Тарасик смотрит на человека. А тот хохочет. В ярком свете сияют и блещут его большие белые зубы.

— Дяденька, это вы снегу наелись? — задумчиво спрашивает Тарасик.

— Уморил! — улыбаясь, отвечает ему Мороз и наклоняется совсем близко к лицу Тарасика.

Глаза у деда-мороза синие. Голубые глаза всегда синеют от холода: видно, зябнут. Из снежных ресниц морозно и весело глядят на Тарасика колючки озябших глаз. В глазах, как в зеркале, отражается не душа, про которую дедушка пробовал рассказывать Тарасику басни, — как будто душу можно увидеть или потрогать. Нет. В морозных глазах наклонившегося к Тарасику человека отражается сам Тарасик. Весь в большой шапке, в варежках, в пальто с пуговицами. В глазах Мороза отражается сад, кусты и скамейки, голая тетка и солнце. И все это почему-то перевернуто вверх ногами.
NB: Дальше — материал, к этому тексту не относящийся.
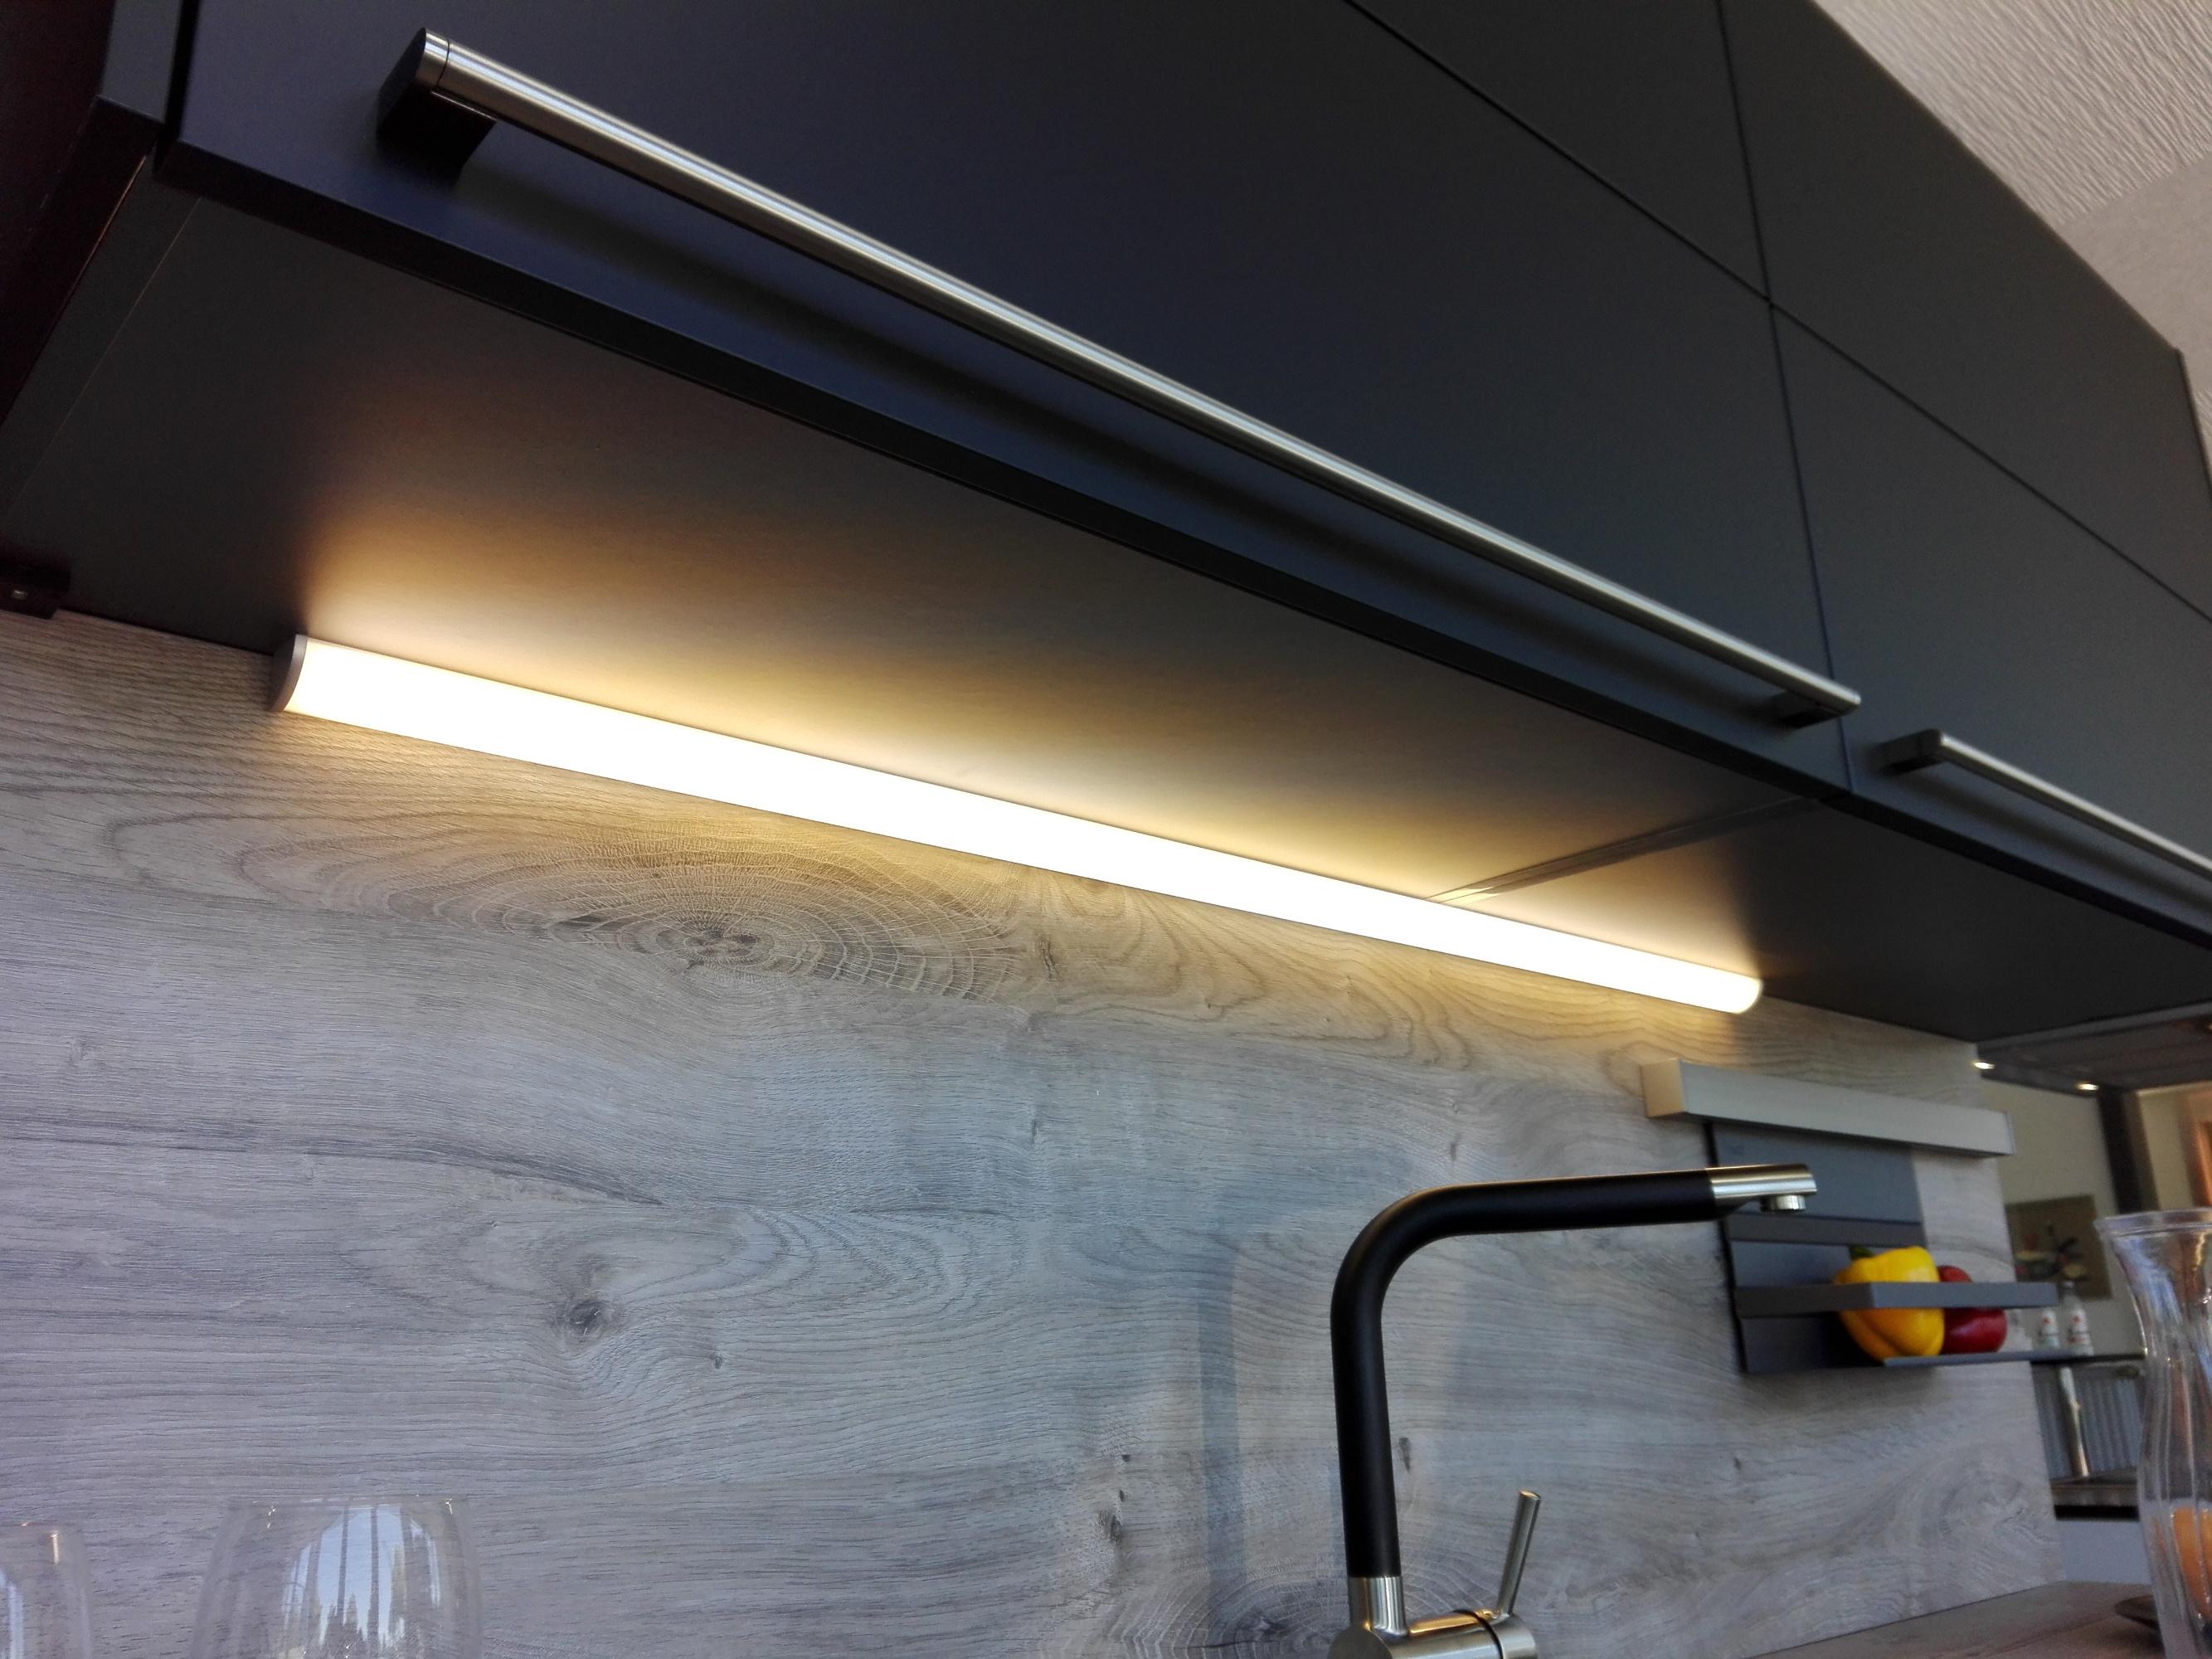 Küche 4 - Langfeld LED Beleuchtung

Белый пар застилает лицо деда-мороза и бежит вверх, как дым из трубы. Дед-мороз дышит паром.

— Давай знакомиться! — сочным голосом говорит дед-мороз Тарасику. — Ты кто такое будешь?

— А я Тарасик, — отвечает Тарасик.

— А я, — погляди, кто я?

Тарасик смотрит и видит, что дед-мороз одет в милицейскую форму. На плечах у него погоны, а на голове блестящая от инея милицейская шапка.

— Привет, приятель, — говорит Тарасику милиционер.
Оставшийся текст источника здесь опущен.